- [Exercise goal]:
From the first line to the last, copy the material word for word; pictures stay out.

- [Input data]:
───
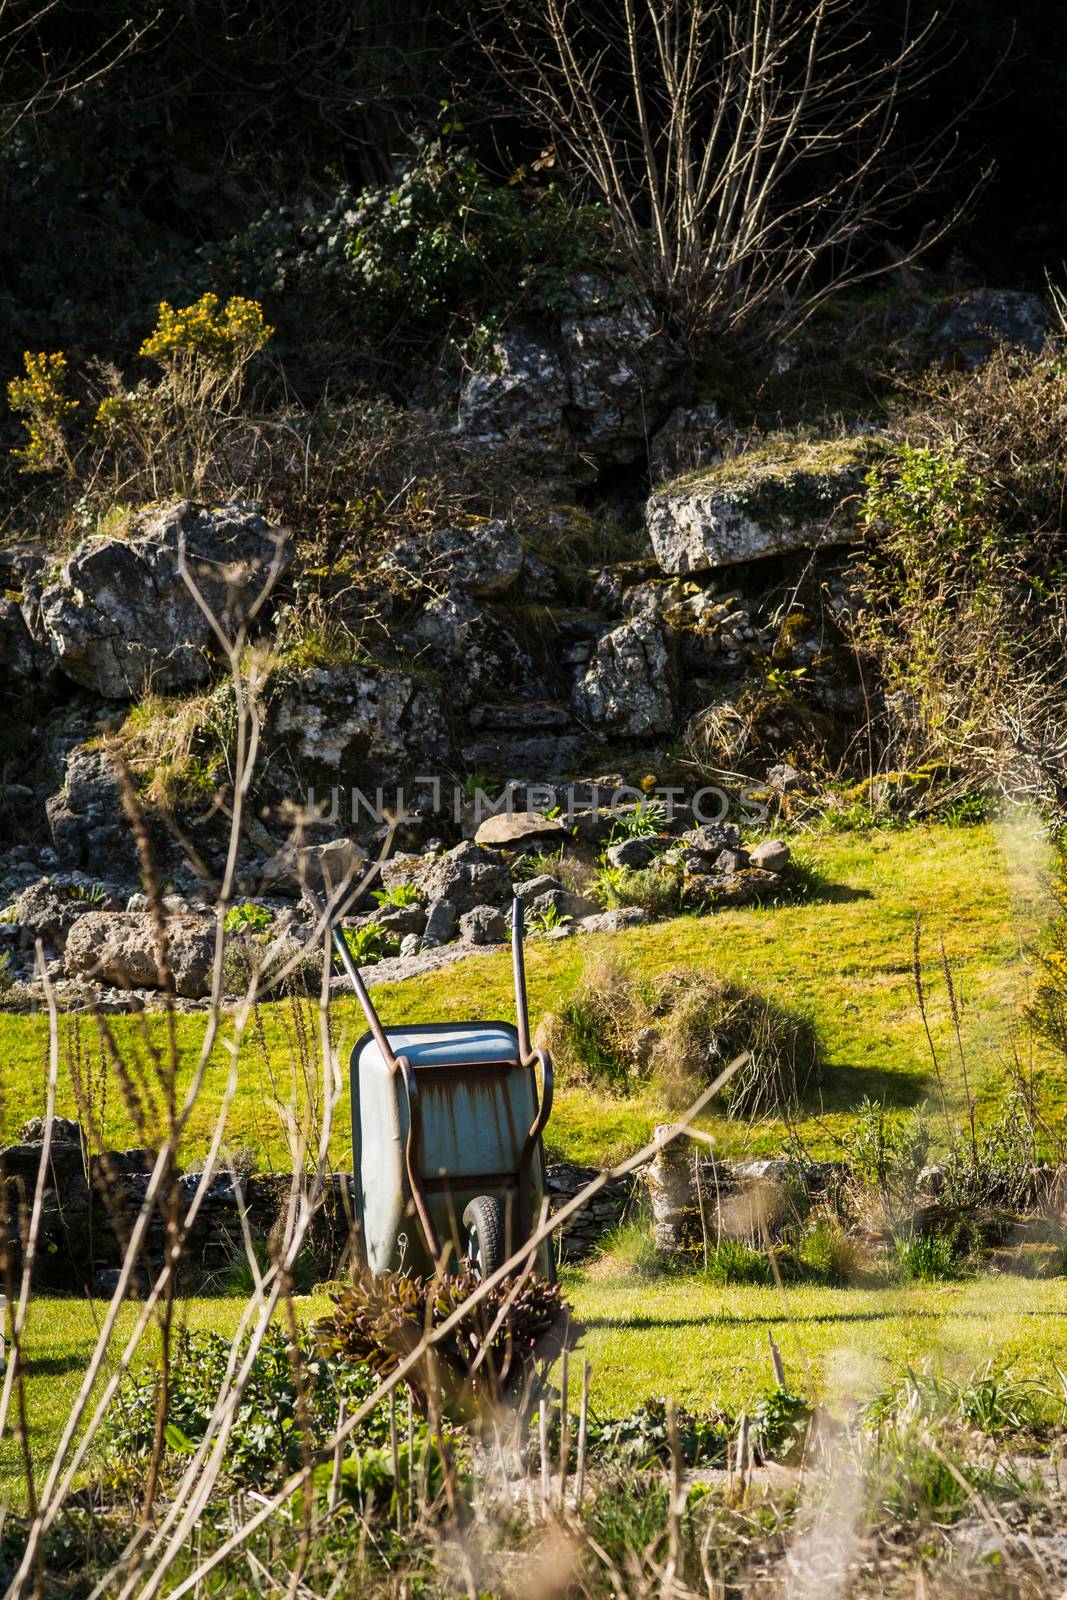 old wheelbarrow and gardening tools in Springtime by paddythegolfer
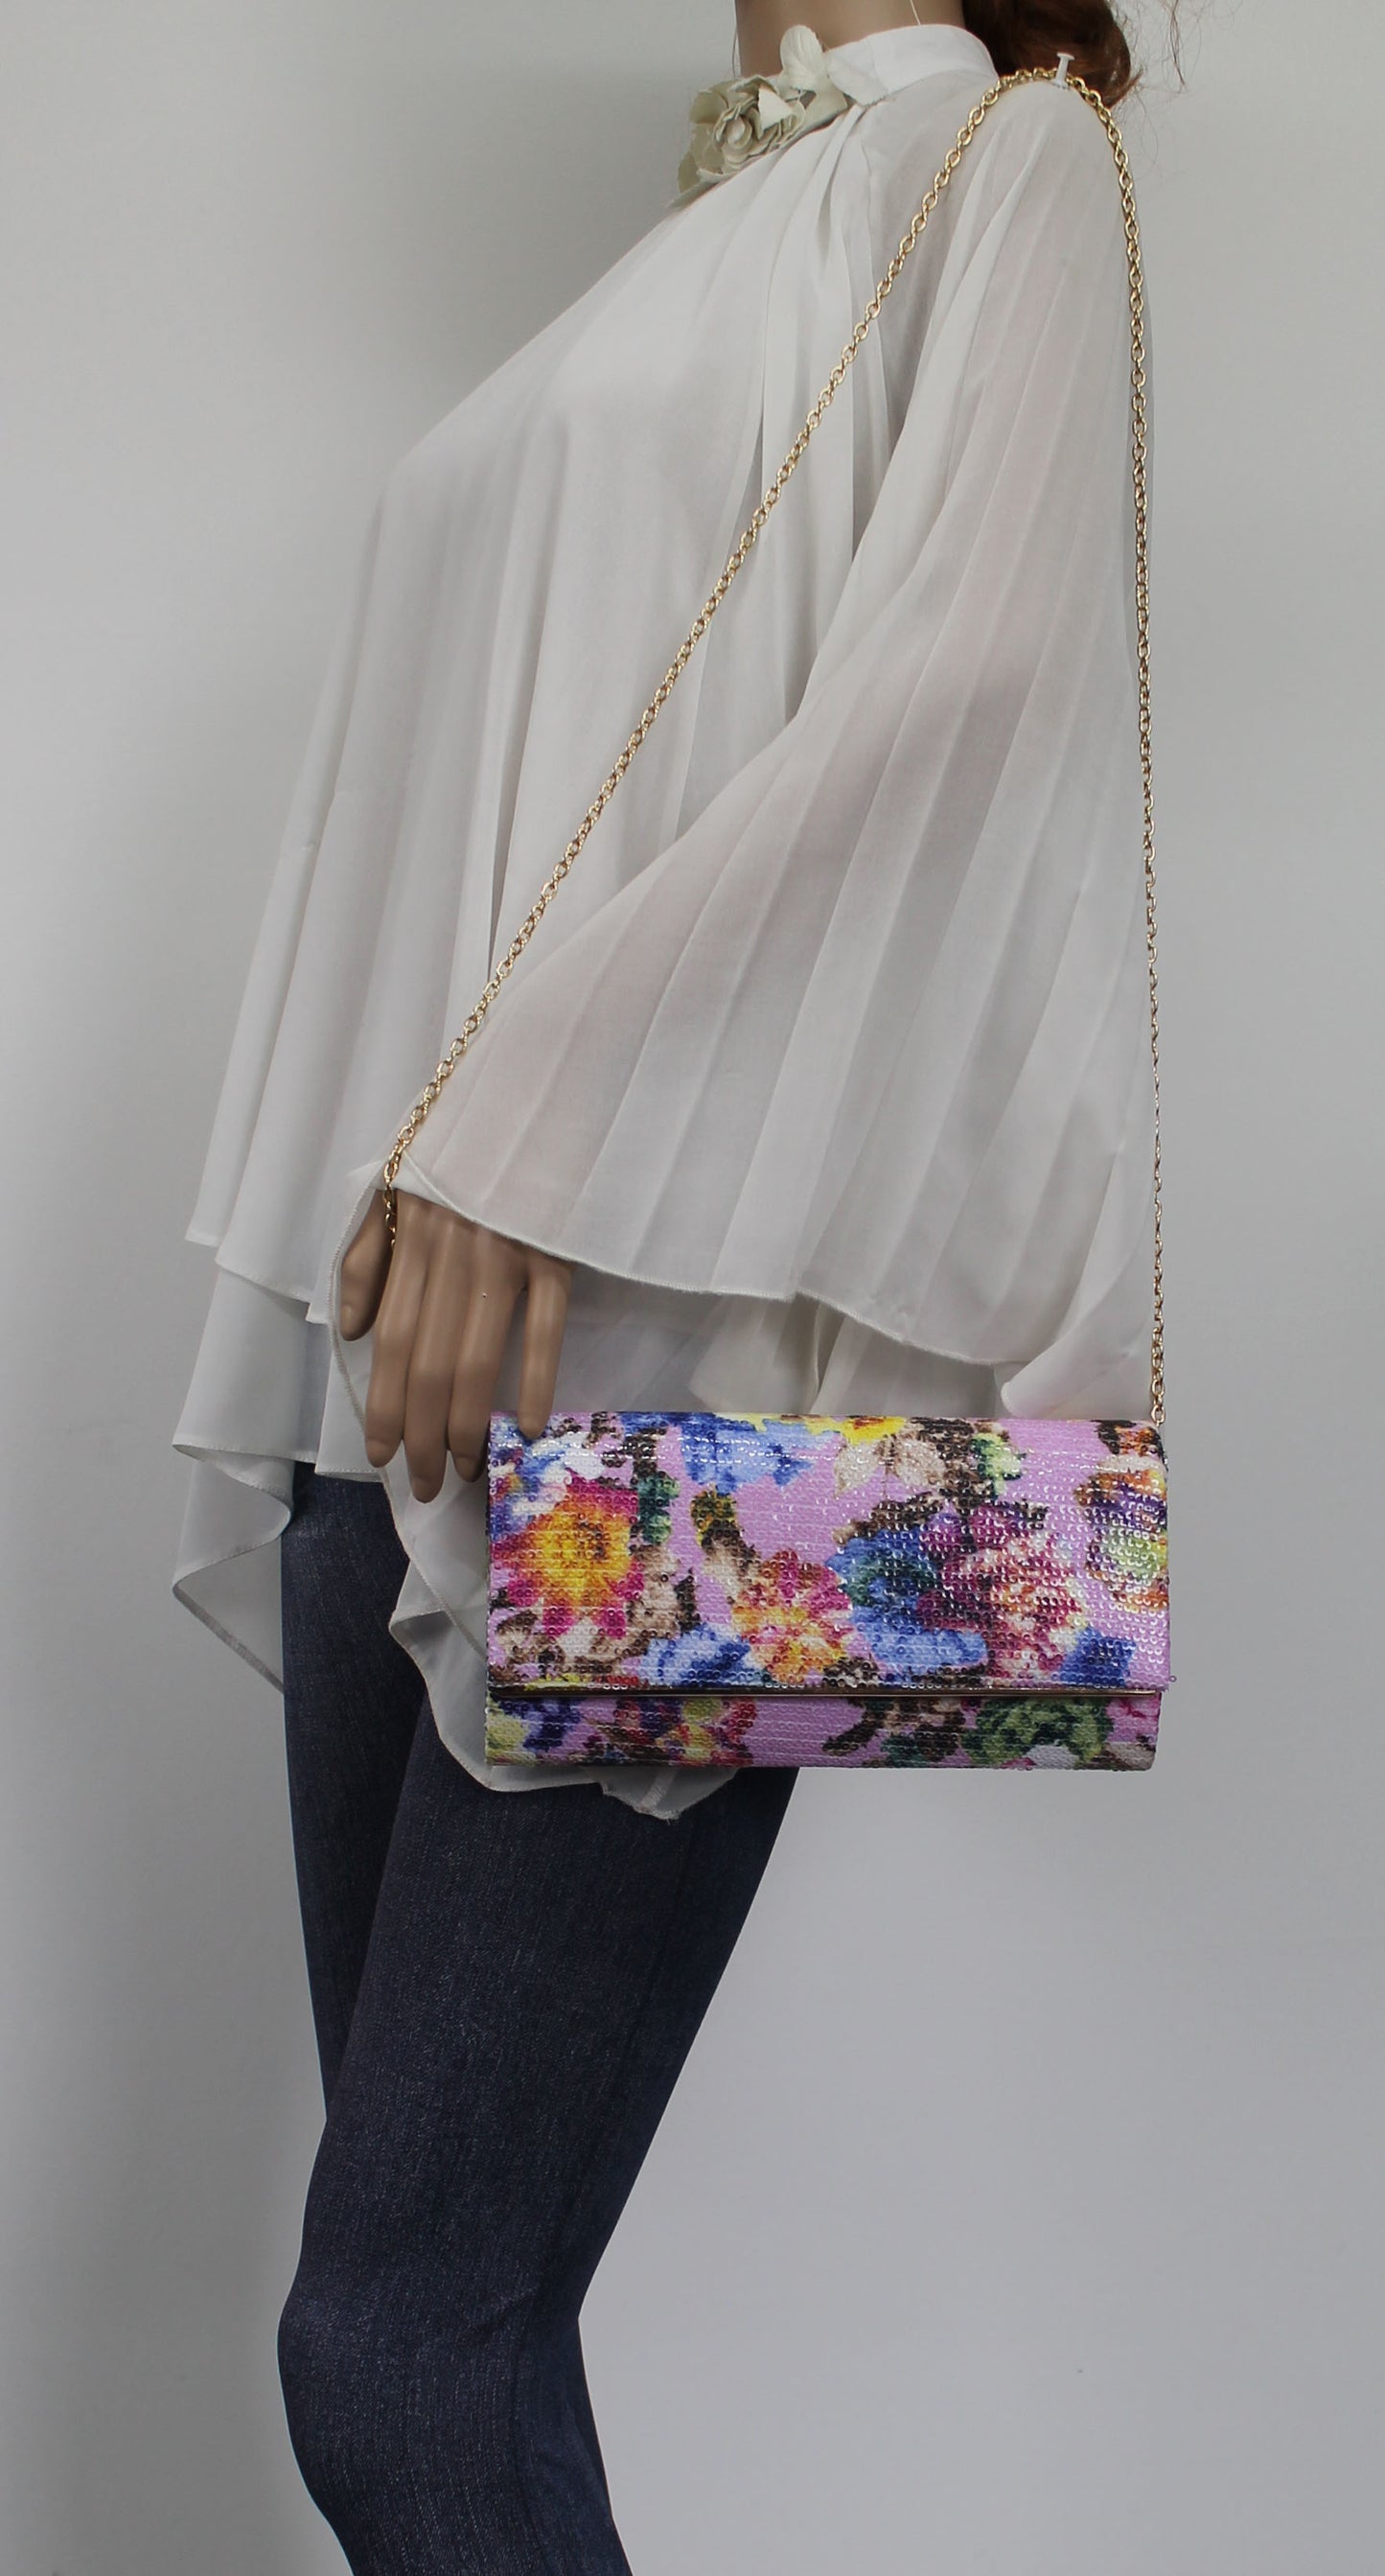 SWANKYSWANS Kyra Clutch Bag Lilac Cute Cheap Clutch Bag For Weddings School and Work
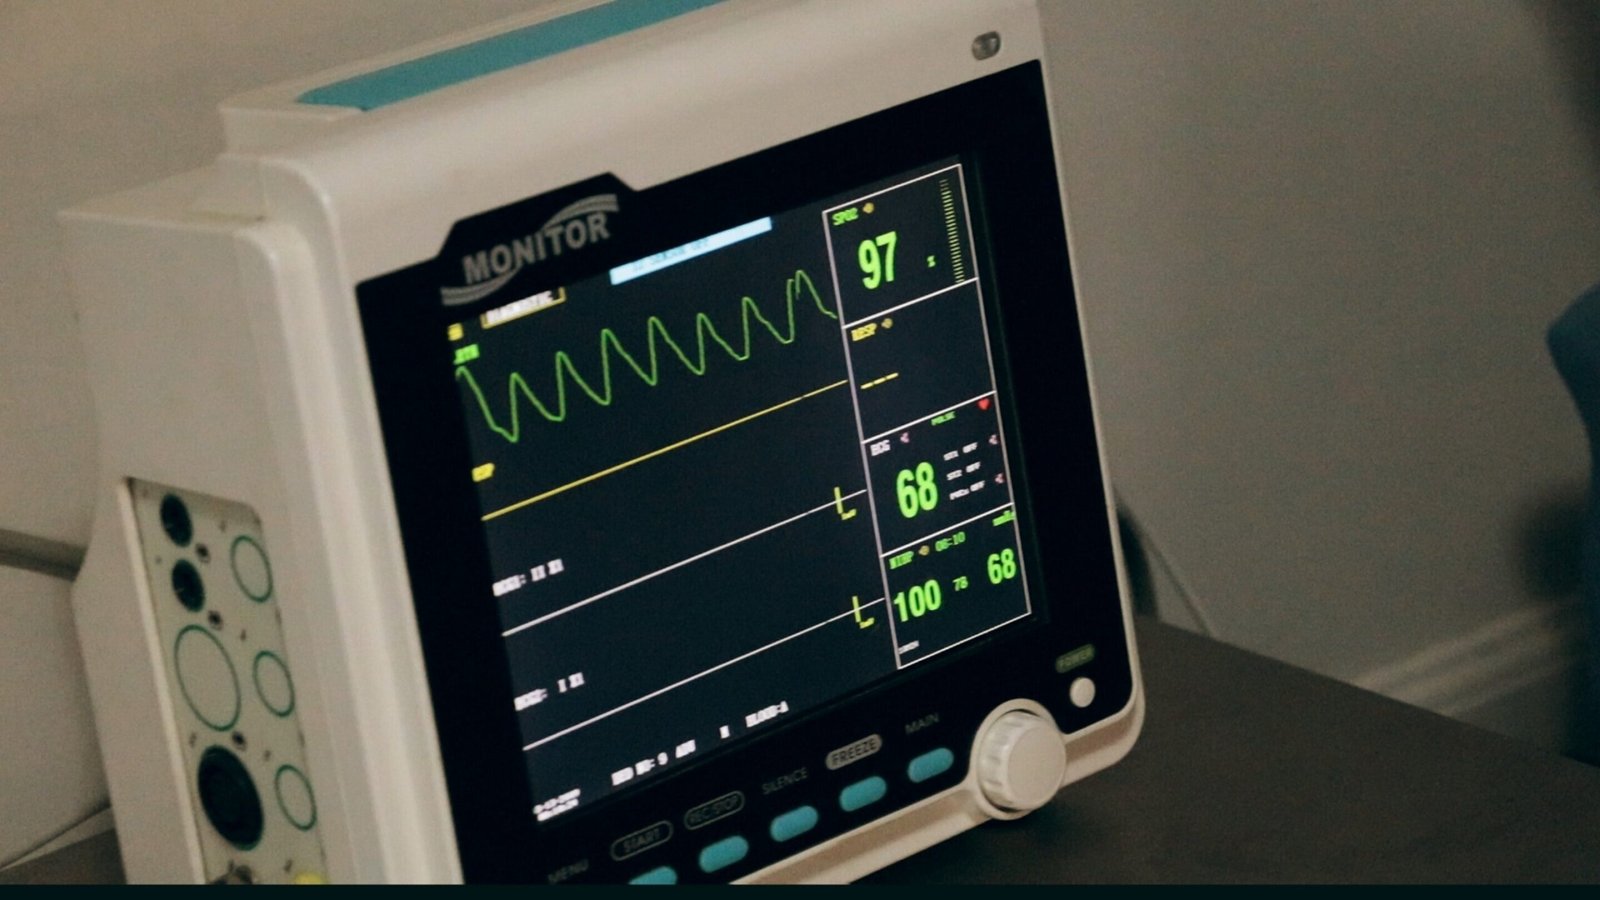 Vigilant monitoring is needed to manage cardiac risks in patients using antipsychotics, doctors say
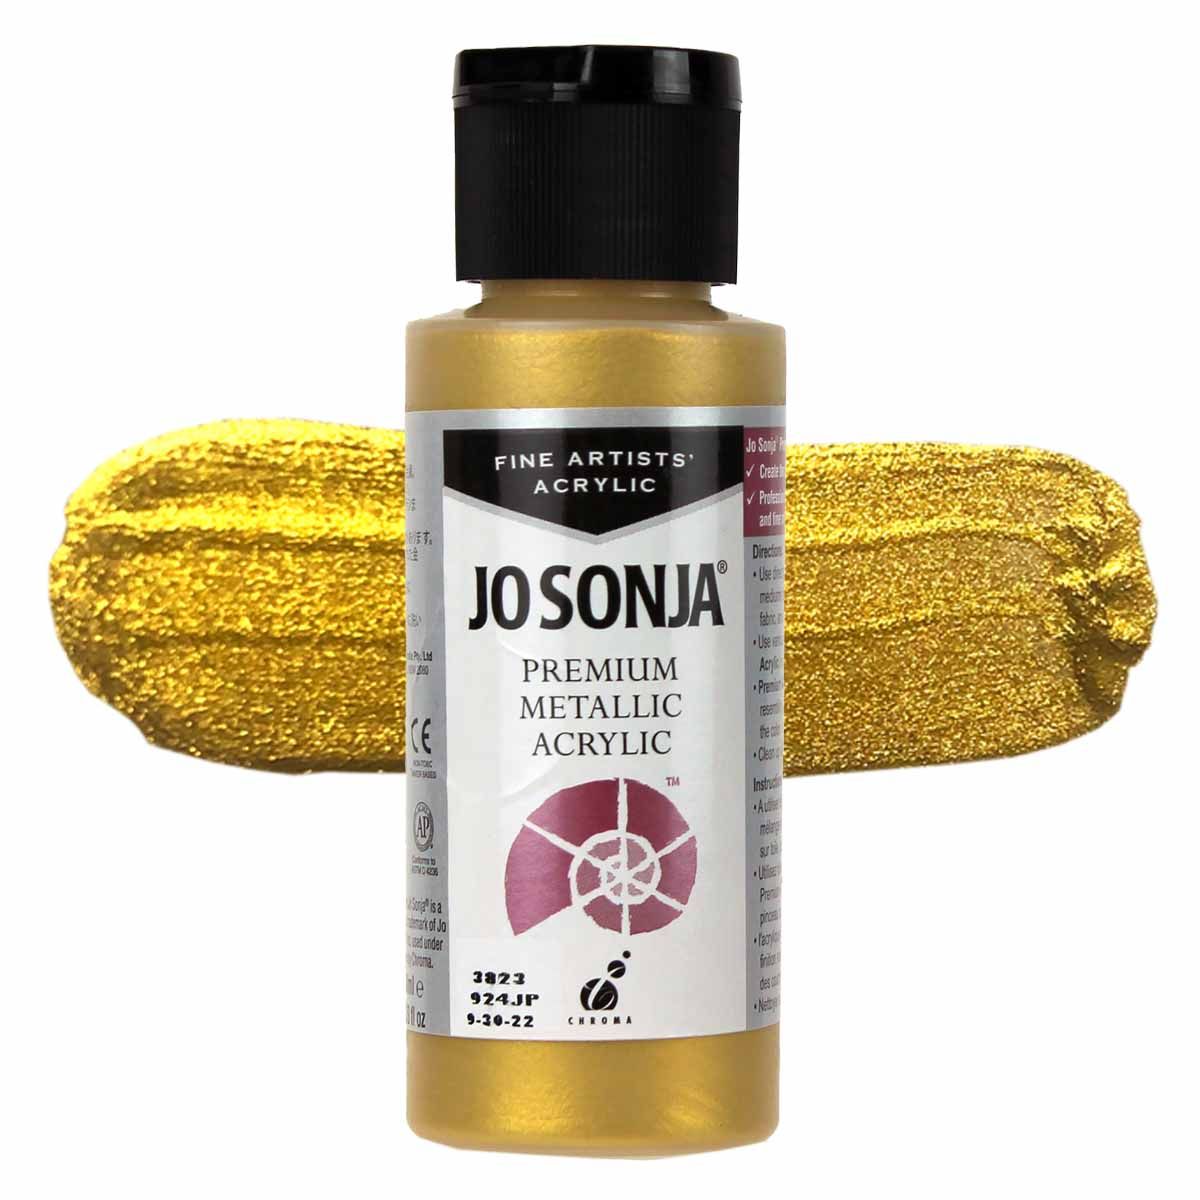 Jo Sonja's Artists' Acrylic Metallic Lustrous Gold, 2oz
───
- [Task result]:
 old wheelbarrow and gardening tools in Springtime by paddythegolfer
 SWANKYSWANS Kyra Clutch Bag Lilac Cute Cheap Clutch Bag For Weddings School and Work
 Vigilant monitoring is needed to manage cardiac risks in patients using antipsychotics, doctors say
 Jo Sonja's Artists' Acrylic Metallic Lustrous Gold, 2oz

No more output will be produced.